Code analysis: Find function calls not in comments
Data extraction: Get values from key-value pairs
Performance Considerations¶
Performance Note
Lookaround assertions can be slower than simple patterns, especially with backtracking. Use the simplest pattern that meets your needs.
Optimization tips:
- Use fixed-length lookbehind when possible (faster than variable-length)
- Avoid nested lookaround assertions
- Test patterns on representative data to measure performance
- Consider simpler alternatives if lookaround isn't strictly necessary
See Performance Considerations for detailed optimization strategies.
Fixed-Length vs Variable-Length Lookbehind¶
PCRE2 supports both fixed-length and variable-length lookbehind patterns, with significant performance differences:
Fixed-Length Lookbehind (faster):
# Fixed: always checks exactly 3 characters
rg -P '(?<=foo)\w+' # (1)!
# Fixed: always checks exactly 4 characters
rg -P '(?<=\$\d{2})\w+' # (2)!
- Fixed-length: The pattern
foois always exactly 3 characters, allowing PCRE2 to optimize by stepping back a known distance - Fixed-length:
\$\d{2}always matches exactly 3 characters ($ plus two digits), enabling the same optimization
Variable-Length Lookbehind (slower):
# Variable: can match 3-10 characters
rg -P '(?<=foo.*)\w+' # (3)!
# Variable: can match varying lengths
rg -P '(?<=\w+:)\d+' # (4)!
- Variable-length:
foo.*can match different lengths, requiring PCRE2 to try multiple starting positions with backtracking - Variable-length:
\w+:matches one or more word characters followed by colon, varying in length
Performance Impact: Fixed-length lookbehind can be 10-100x faster because the regex engine knows exactly how far to step back. Variable-length requires backtracking to find all possible starting positions.

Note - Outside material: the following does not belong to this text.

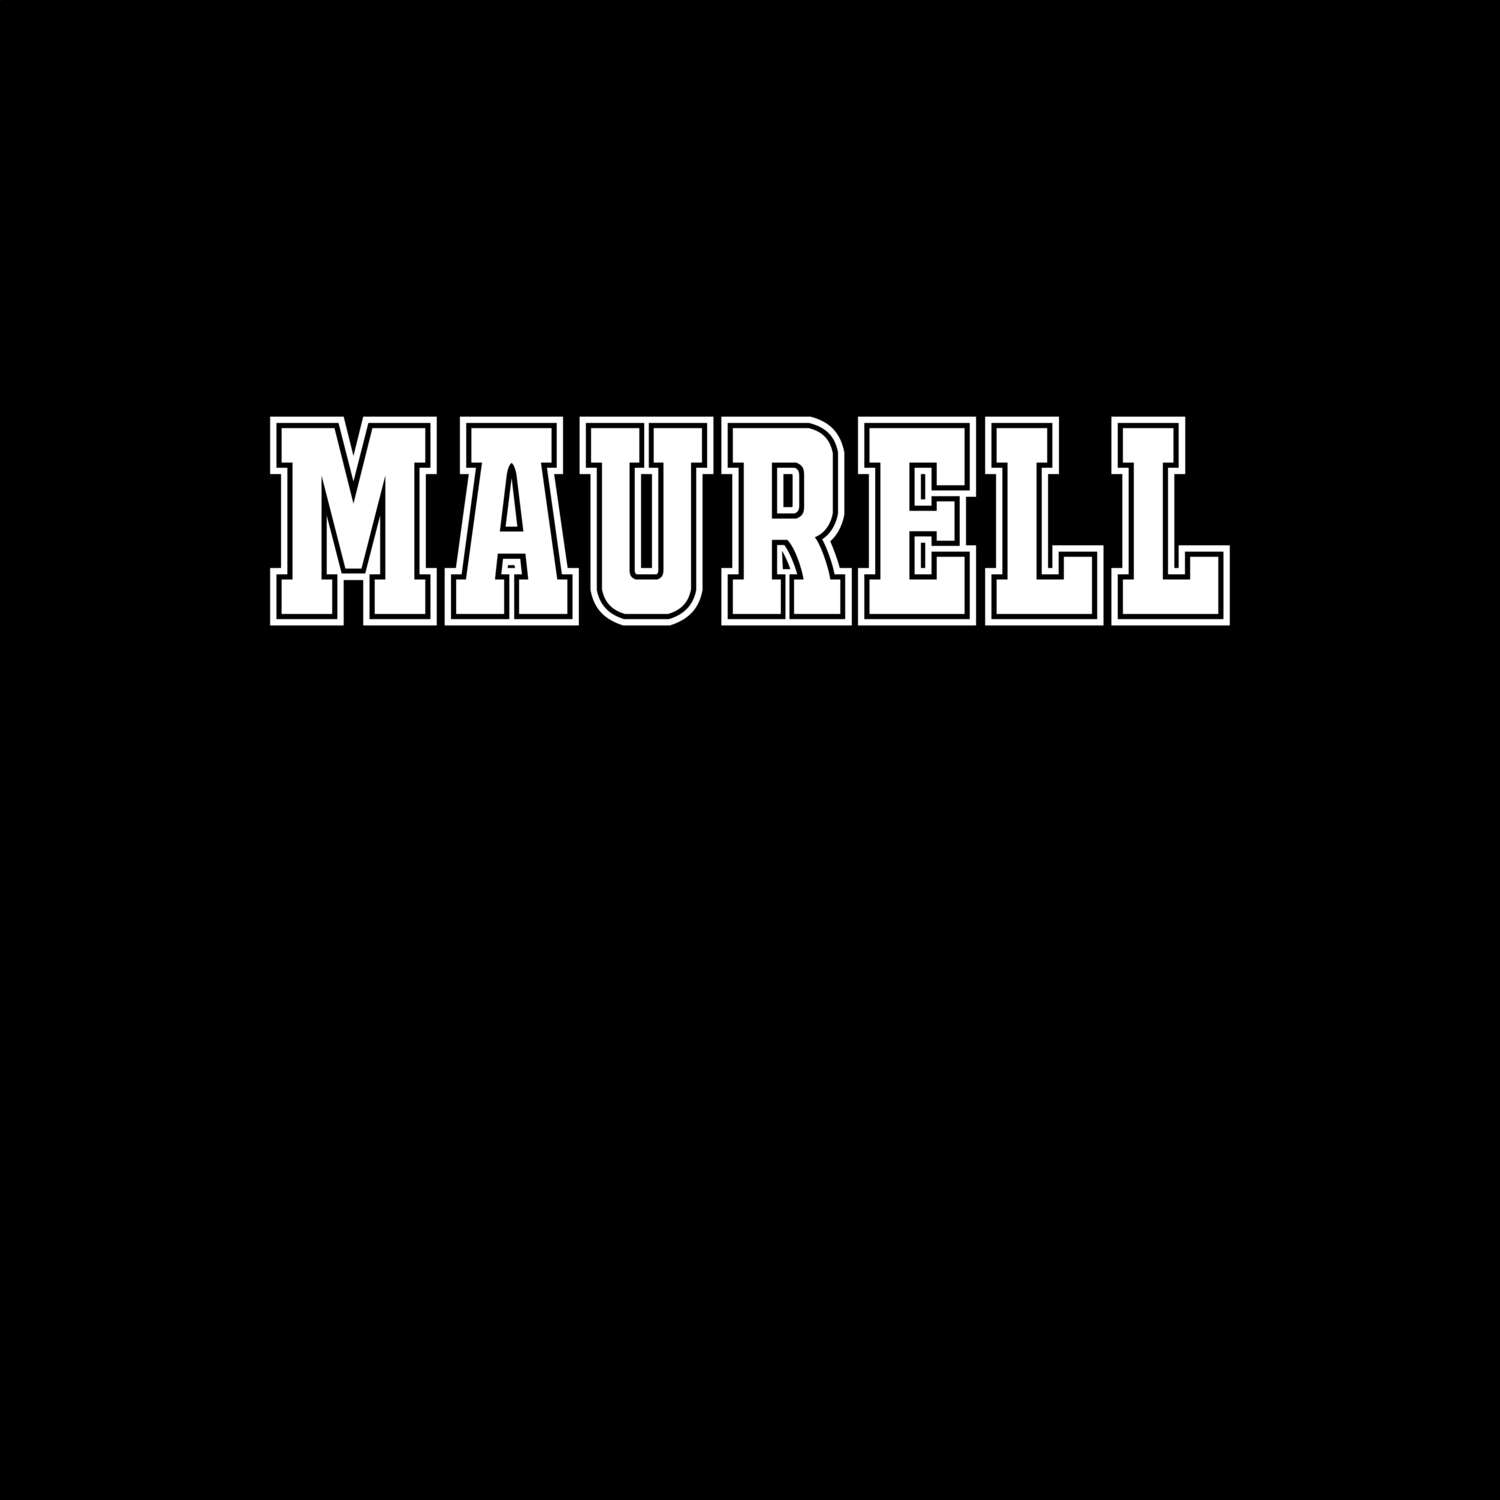 Maurell T-Shirt »Classic«

Best Practice: Use fixed-length lookbehind whenever possible. If you need variable-length, consider if a simpler pattern or capture group might work instead.
Avoiding Nested Lookaround¶
Nested lookaround assertions should be avoided due to exponential backtracking:
# Bad: nested lookaround (exponential backtracking)
rg -P '(?=(?!bad))\w+' # (1)!
# Good: simplified to single lookahead
rg -P '(?!bad)\w+' # (2)!
# Bad: complex nesting
rg -P '(?=(?<=foo)bar)' # (3)!
# Good: combine conditions differently
rg -P '(?<=foo)bar' # (4)!
- Nested lookaround: Double assertion
(?=(?!bad))causes PCRE2 to evaluate both the outer lookahead and inner negative lookahead at each position, leading to quadratic or worse time complexity - Simplified: Single negative lookahead
(?!bad)achieves the same result with linear time - Complex nesting: Combining lookahead and lookbehind in nested fashion is rarely necessary and very slow
- Simplified: In most cases, assertions can be combined at the same level rather than nested
Why Nested Lookaround is Slow: Each nesting level multiplies the number of positions the regex engine must check. With backtracking, this can lead to exponential time complexity on certain inputs, especially with patterns that can match in multiple ways.